WORK TASK: Restate all of the following data exactly, keeping any images out of the copy.

DATASET SECTION Start Marker

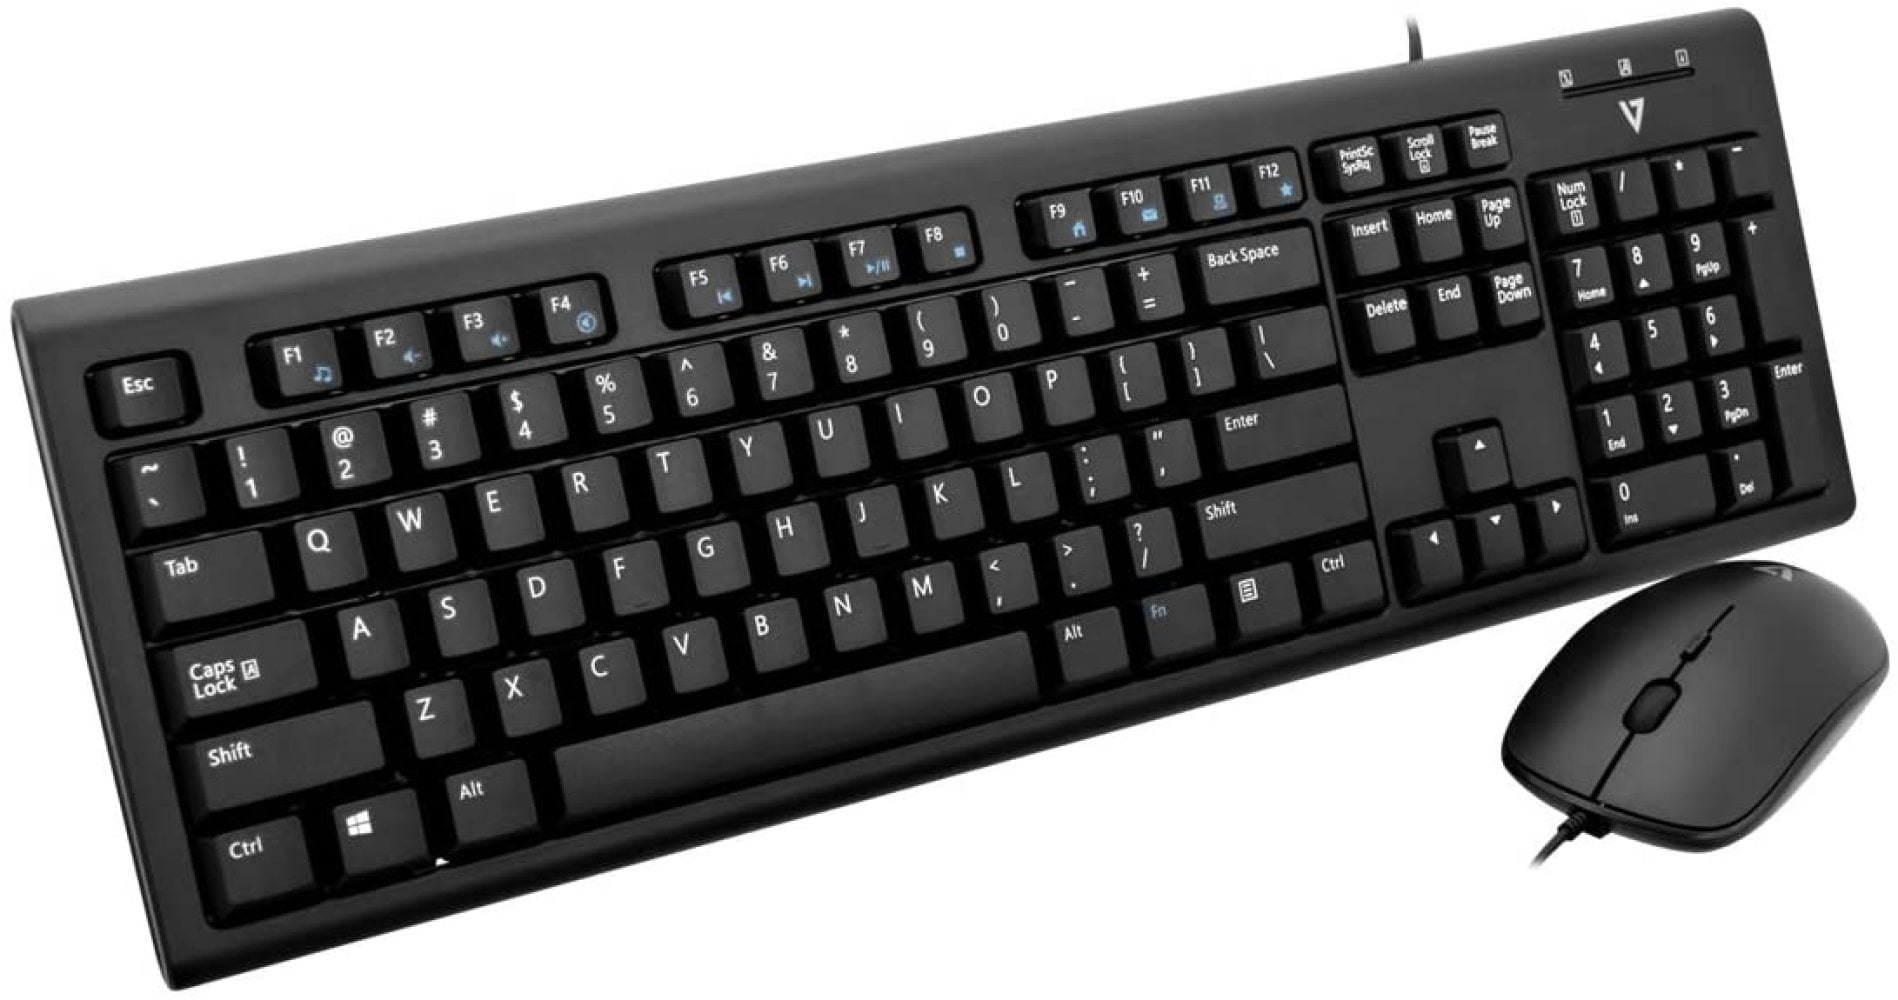 X168-B PS2 Gaming Keyboard & USB Mouse Wired Black Clean Sleek Design Blue Keys 
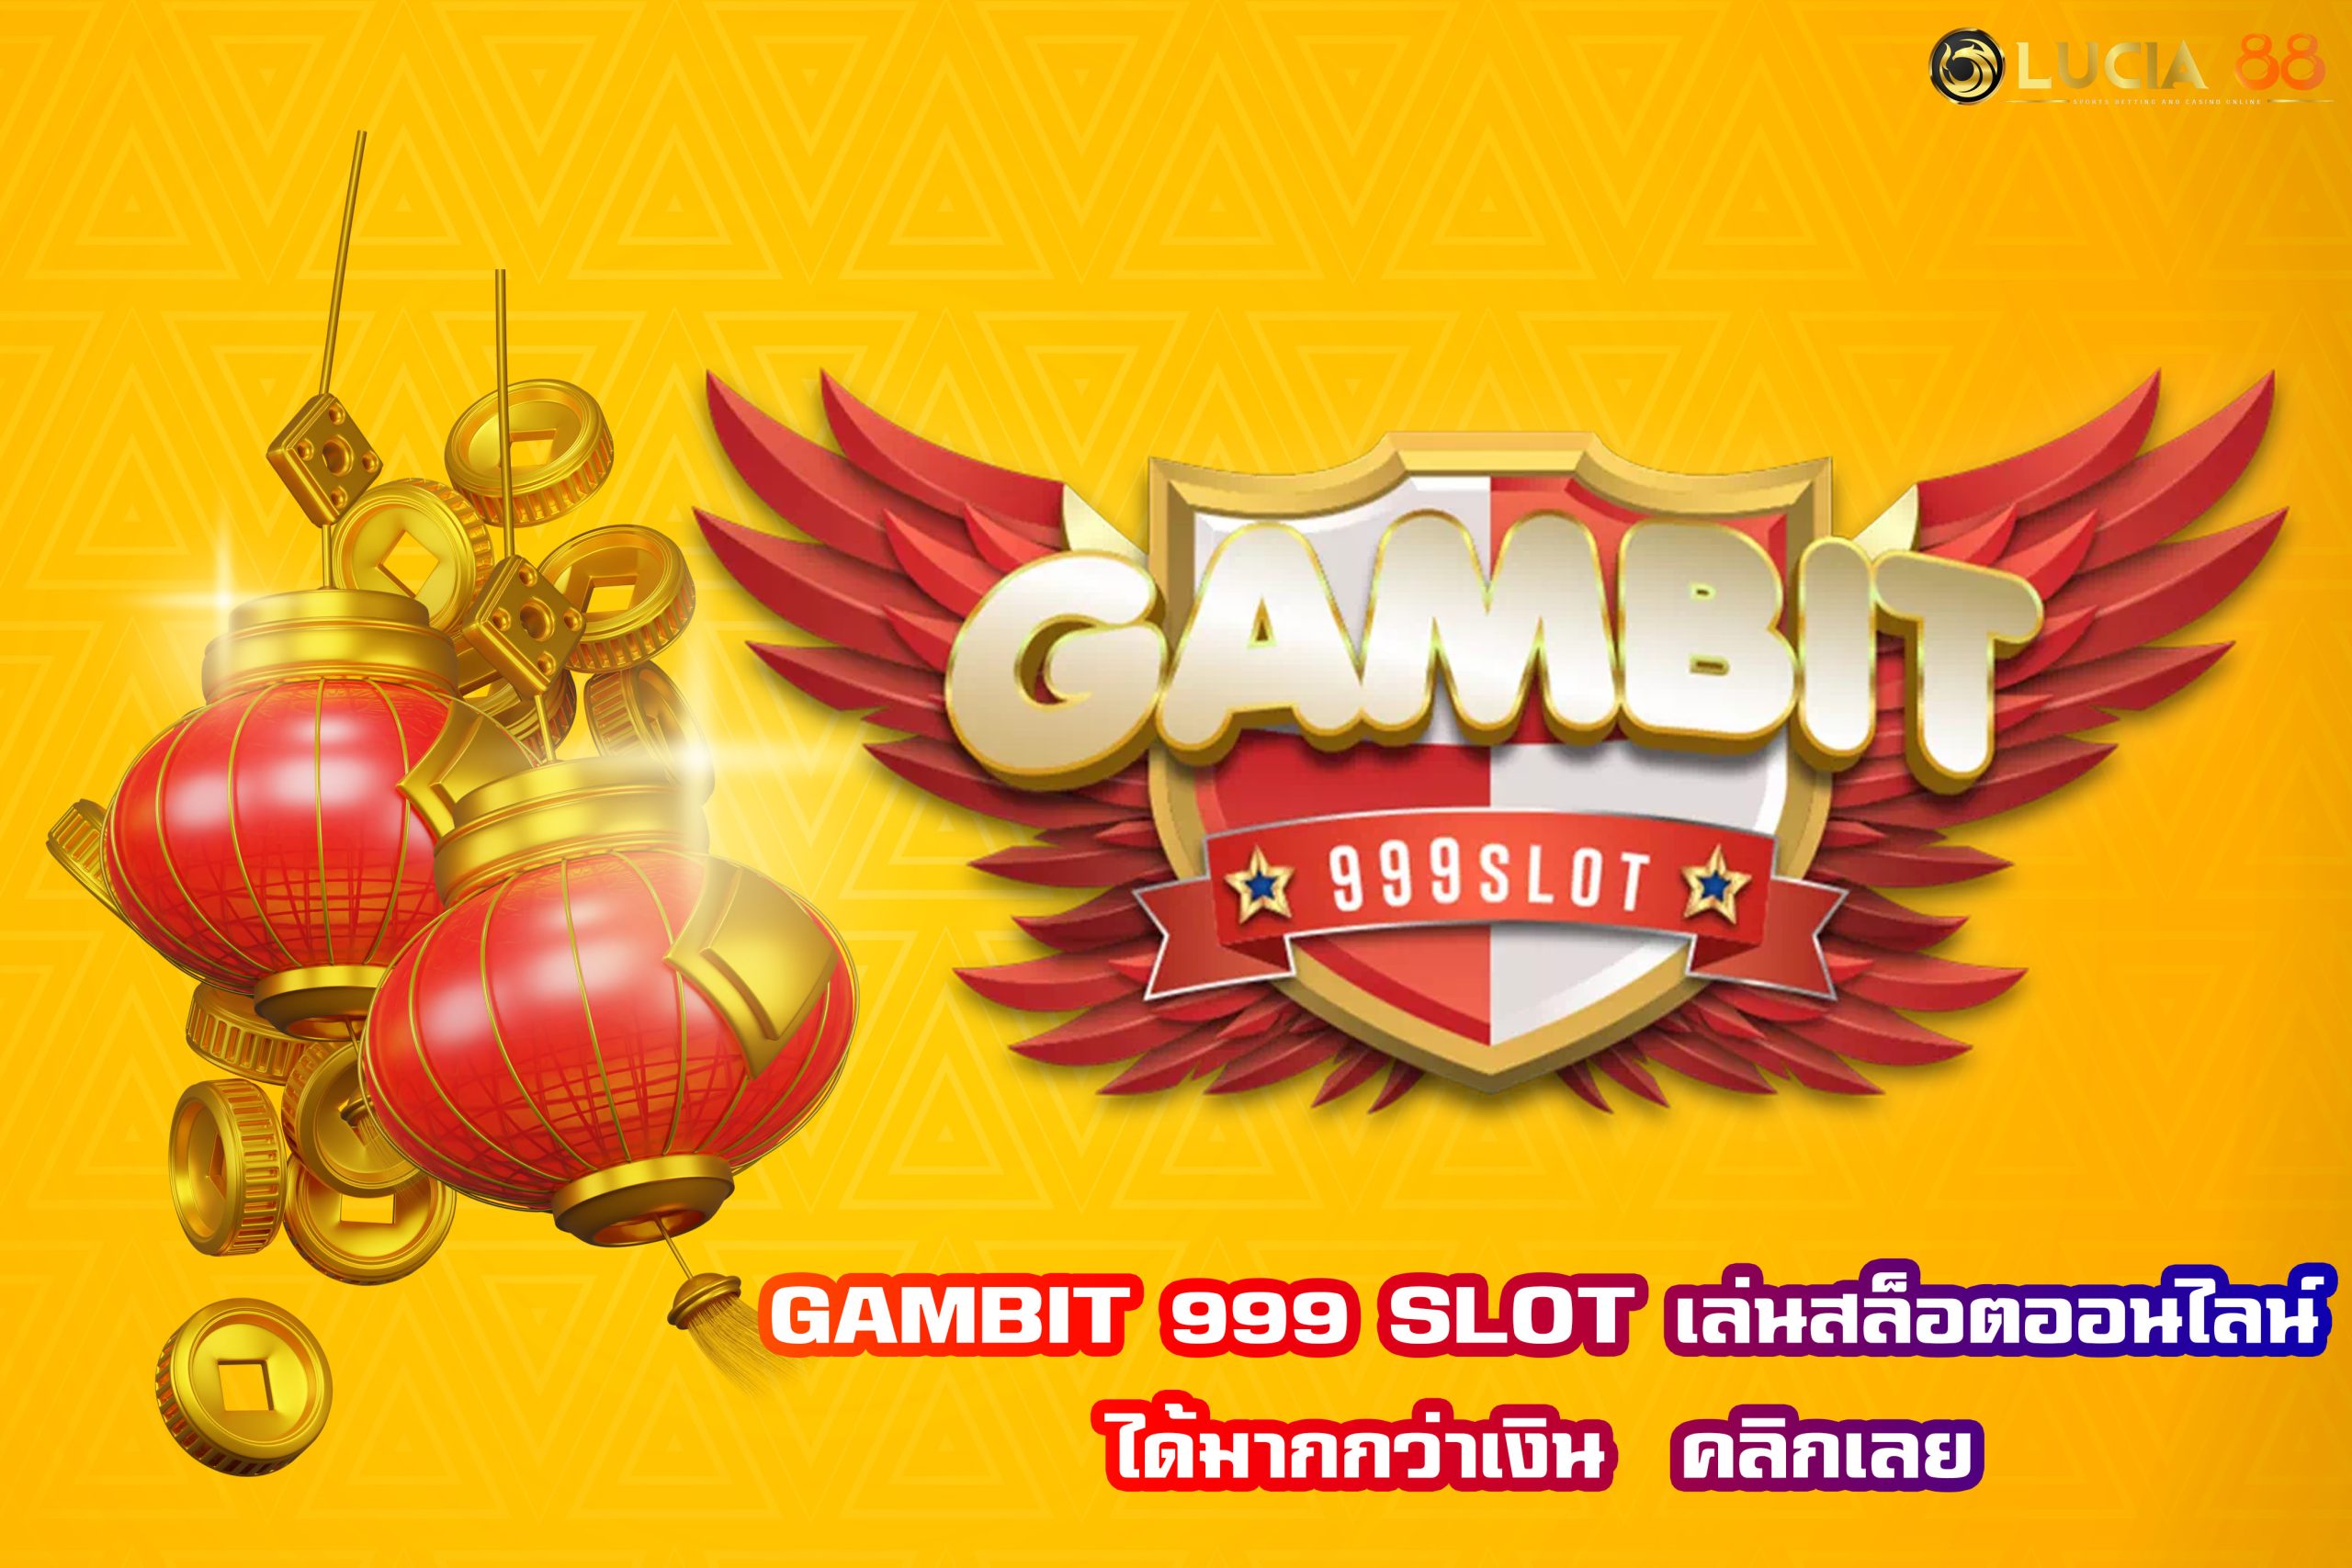 GAMBIT 999 SLOT เล่นสล็อตออนไลน์ได้มากกว่าเงิน  คลิกเลย
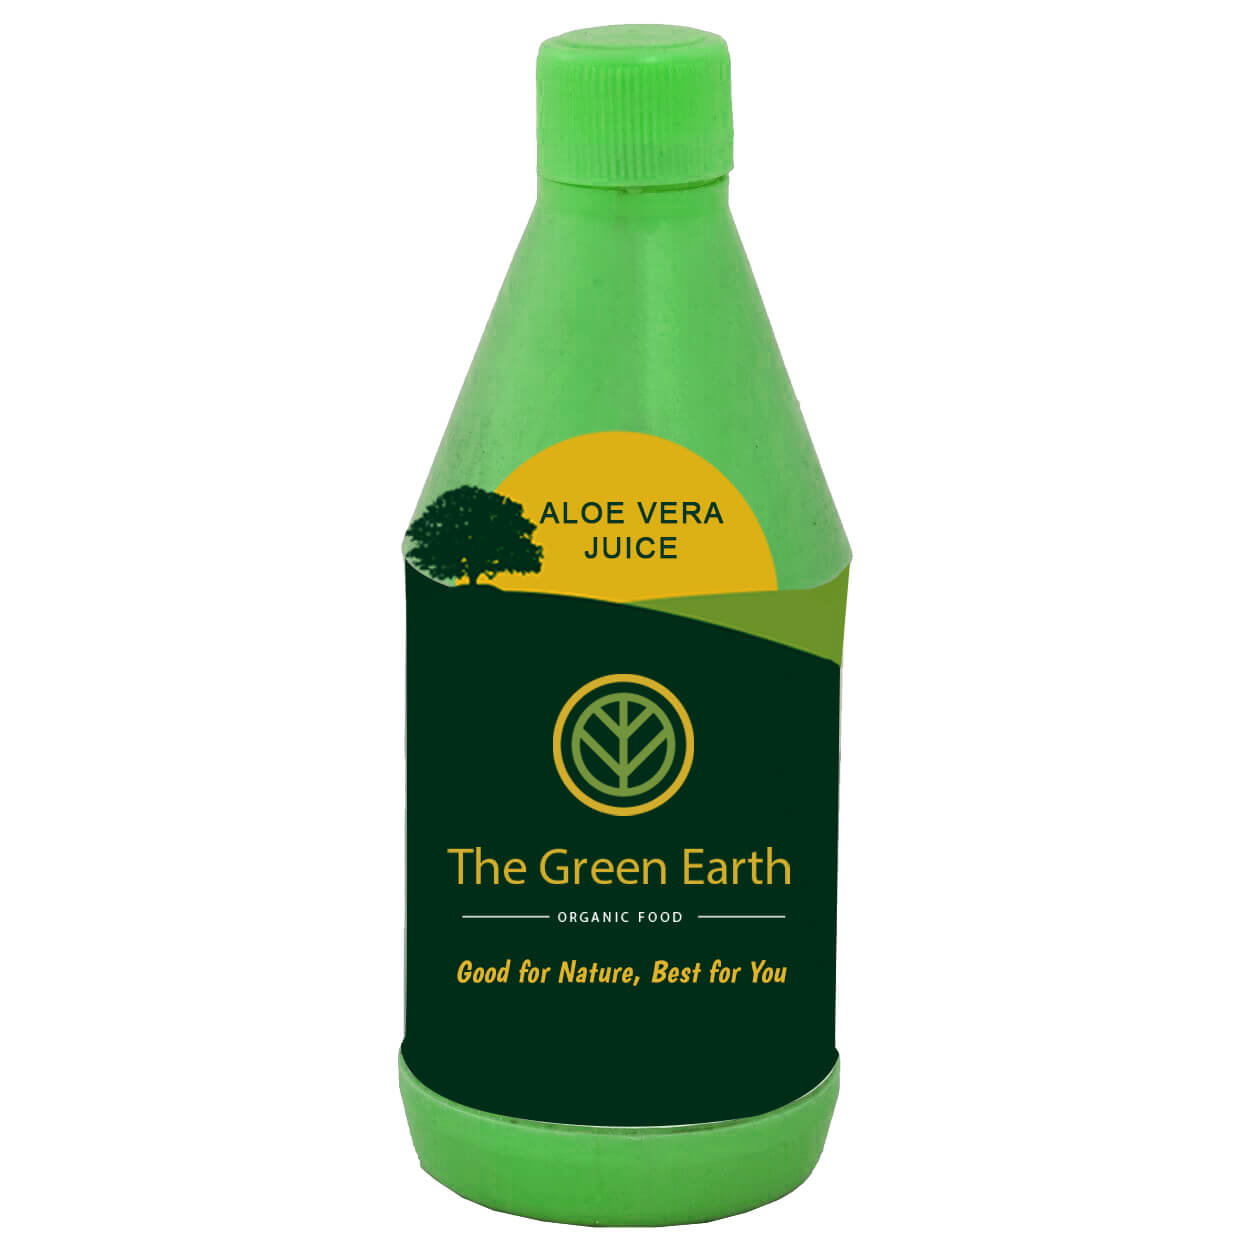 green aloe vera drink

DATASET SECTION End Marker

TASK ANSWER:
 X168-B PS2 Gaming Keyboard & USB Mouse Wired Black Clean Sleek Design Blue Keys 
 GAMBIT 999 SLOT เล่นสล็อตออนไลน์ได้มากกว่าเงิน  คลิกเลย
 green aloe vera drink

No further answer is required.